Recriminations of a fellow traveler; After Long Silence, by Michael Straight. New York: W.W. Norton & Co. 351 pp. $ 17.50.

TThis is the memoir/confessional of a chap born of parents wealthy enough to found a magazine and to establish ''progressive'' schools for youngsters, and prominent enough to break bread with the Roosevelts and the Morgans. Young Michael Straight attends such academies in America and in England, then samples the London School of Economics before entering Trinity College, Cambridge, in 1934. There, amid a gaggle of homosexual and far-left compatriots, he stands out as an articulate student politico. In due course he returns to his homeland (''I barely knew the country''), where he does a stint in the State Department, serves as angel for The New Republic, becomes a pennant-waving New Dealer, and agitates to get Henry Wallace elected president.

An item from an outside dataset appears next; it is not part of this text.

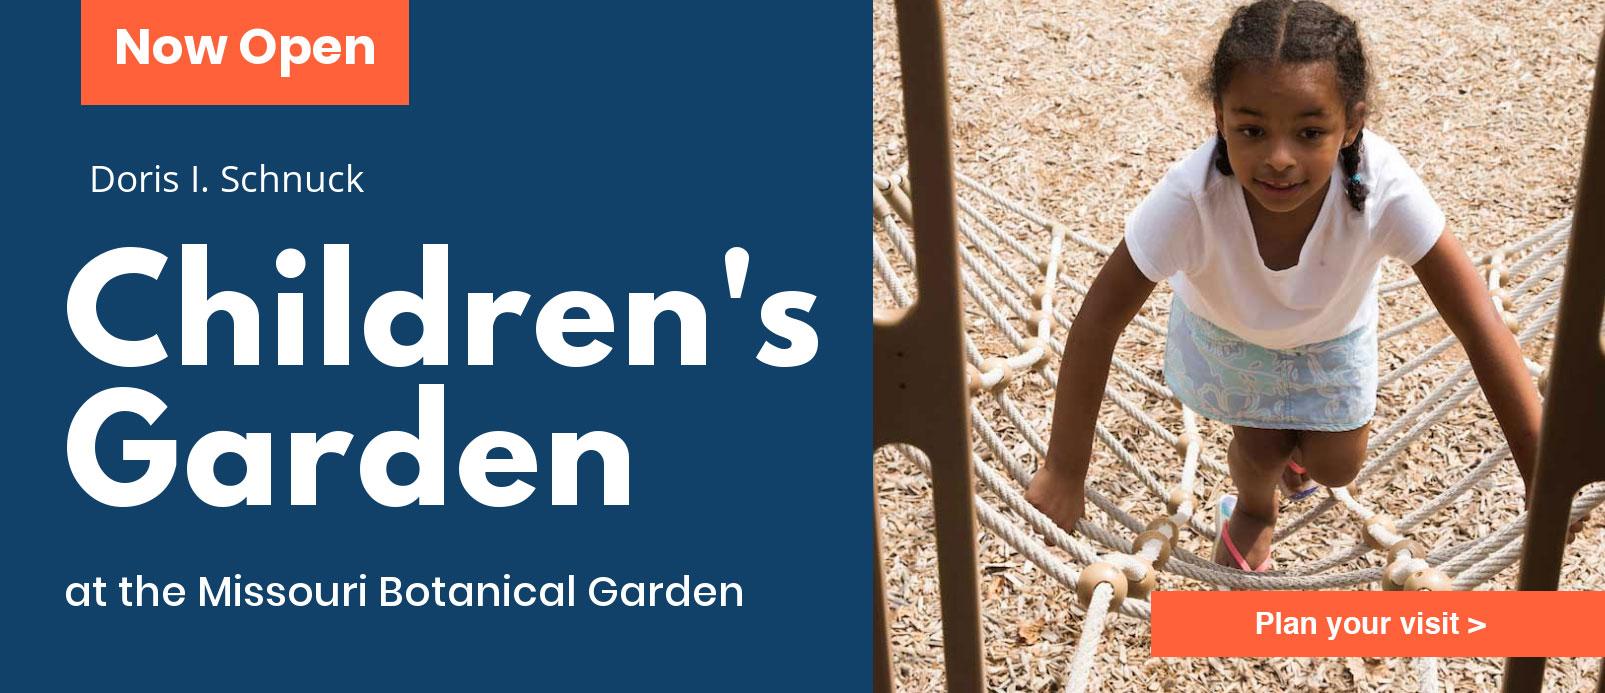 Children's Garden banner

Wouldn't such a chap have life by the shirt collar? Don't you believe it. ''Caught up in the current of history and carried out of his depth,'' he anguishes under a sense of guilt for his inherited wealth, carries a dread of offending people, and nourishes ''a deepseated need to love and to be loved.'' Against this familiar scenario from the Cold War era, what does Michael Straight do to expiate all that guilt? He joins the Communist Party of Great Britain ''out of the sense of brotherhood that had opened a new life for me.''

The central significance, therefore, of Straight's ''political memoir'' would seem to be the postponed illumination it casts upon the collective soul of that long-ago elite who, in England, once swore never to fight for kind and country but who, both there and in the States, flocked to the communist-tainted columns doing battle on behalf of ''republican'' Spain.

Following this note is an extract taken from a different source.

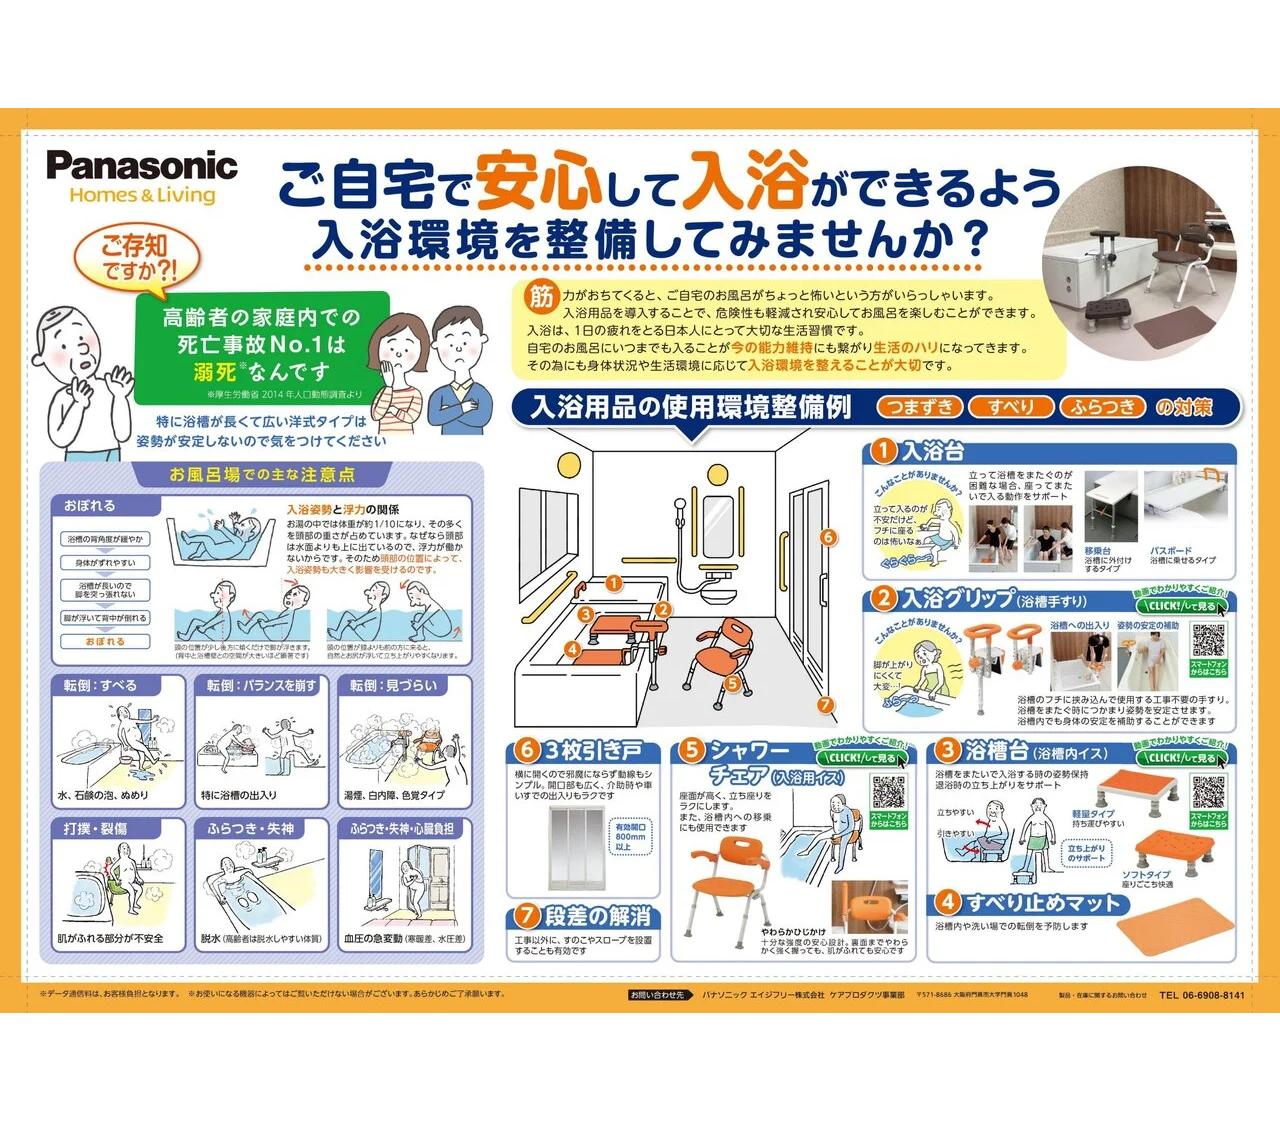 入浴環境整備のポイントまとめ公開/パナソニックエイジフリー

As a belated witness to those schizophrenic times, ''After Long Silence'' makes significant reading. It is exceedingly well written, the author utilizing his novelistic talents in much reconstructed discourse. As to the book's most publicized passages - the background it affords to the spy scandals that have racked Britain - Mr. Straight makes it all understandable. He almost makes it understandable as to why it took him more than three decades to put the finger on Anthony Blunt as a crucially placed Soviet agent. In so doing he brings many of these old conspirers back to life, especially ''exhibitionist'' Guy Burgess, who emerges as a special devil. Along the way we get a pathetic glimpse of the last days of poet A.E. Housman and an eye-filling portrait of Henry Wallace, ''heading for the land of illusions from which I had come.''

''Transplanted as I was,'' explains Mr. Straight, ''I lacked a sense of loyalty to British or American institutions. . . . I had been uprooted; I was waiting to be reclaimed.'' The resultant apologia analyzing the phases of this rescue mission is a minor masterpiece of self-exculpation. It should rank with Whittaker Chambers's ''Cold Friday'' as the testament of one whom many may choose to label a traitor.